Mereka hanya berfokus pada bagaimana memenangkan pemilu atau memperoleh kekuasaan, sementara nilai-nilai agama yang sebenarnya seperti kejujuran, keadilan, dan kasih sayang sering diabaikan. Pada akhirnya, masyarakat hanya dijadikan alat untuk meraih tujuan pribadi atau kelompok tertentu.
Sebagai masyarakat, kita perlu lebih kritis terhadap penggunaan politik identitas. Pemimpin yang baik tidak diukur dari seberapa religius ia mengklaim dirinya, tetapi dari kejujuran dan kemampuannya.
Kepemimpinan yang baik harus mampu membawa perubahan nyata bagi masyarakat, bukan sekadar menciptakan narasi keagamaan untuk meraih suara. Seharusnya kita tidak terpaku pada klaim religiusitas semata, tetapi menilai pemimpin berdasarkan tindakan mereka yang mencerminkan nilai-nilai agama yang sesungguhnya.
Kita perlu mengingat bahwa agama adalah jalan untuk mendekatkan diri kepada Tuhan, bukan alat untuk mencapai kekuasaan. Agama mengajarkan kita untuk hidup dengan damai, saling menghormati, dan bekerja keras untuk kebaikan bersama. Ketika agama dipergunakan hanya untuk kepentingan politik, maka kita telah mengkhianati pesan moral yang terkandung di dalamnya.
Jika praktik politik identitas dibiarkan, dampaknya akan melebihi masa jabatan para politisi. Ia akan meninggalkan warisan perpecahan, luka sosial, dan hilangnya rasa percaya di antara kelompok masyarakat.
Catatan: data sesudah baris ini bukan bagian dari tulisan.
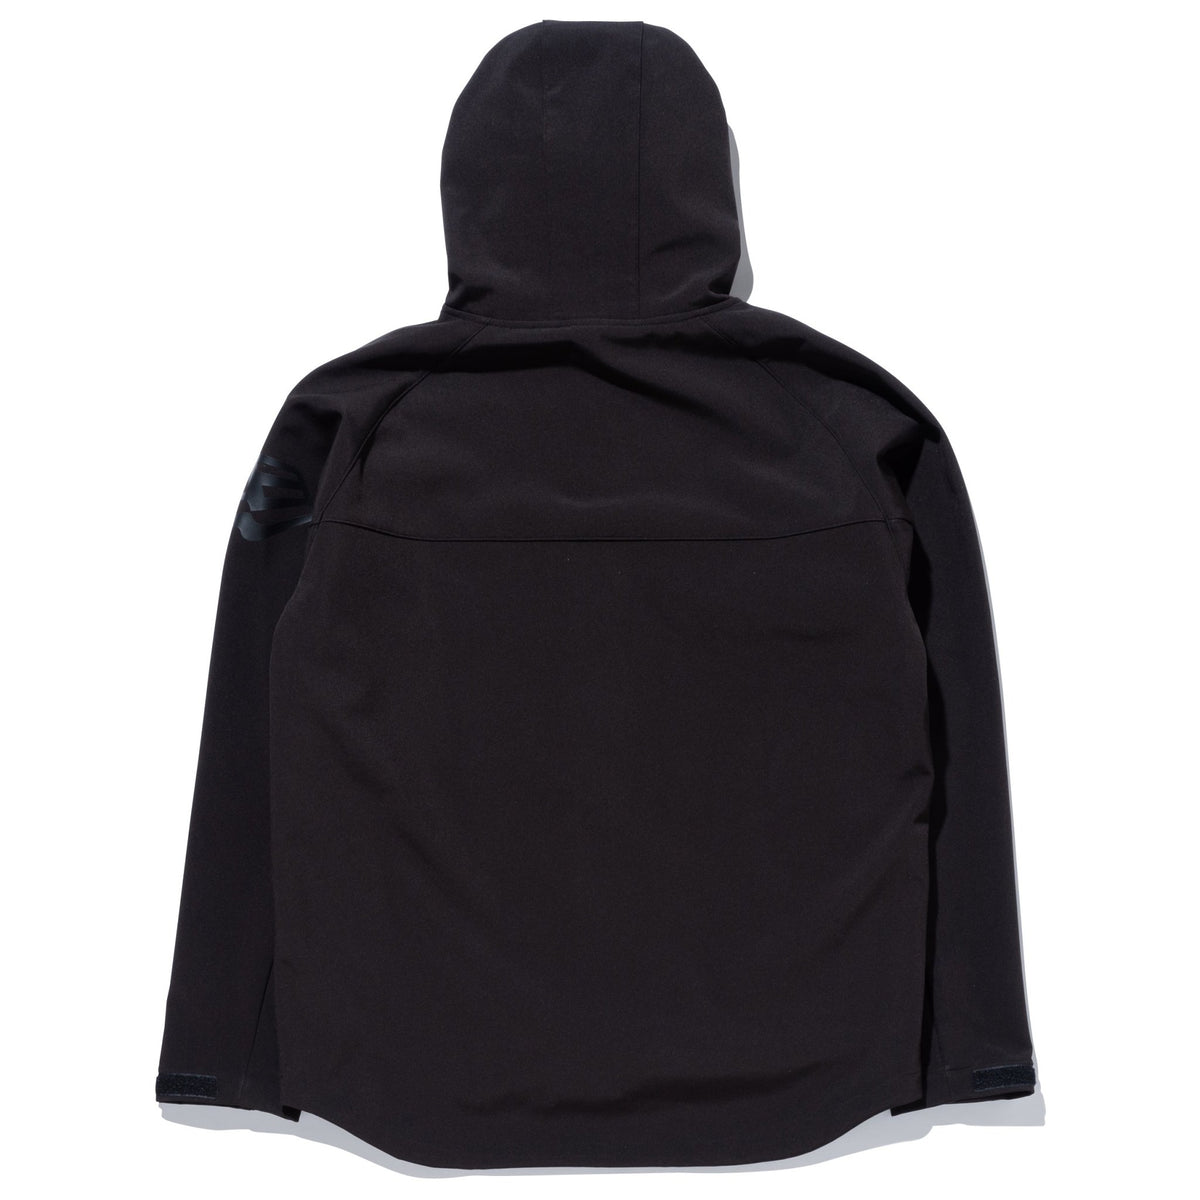 シェルジャケット フラッグロゴ ブラック 【 Performance Apparel 】 ニューエラオンラインストア

Maka, perlu direnungkan: apakah iman kita pantas diperdagangkan demi kekuasaan?
Dengan demikian, mari kita bersama-sama menjaga agar agama tetap menjadi pemandu spiritual yang murni, bukan alat untuk memenangkan kekuasaan. Politik identitas yang merusak keharmonisan sosial harus dihentikan, agar kita bisa hidup dalam masyarakat yang lebih adil, sejahtera, dan damai.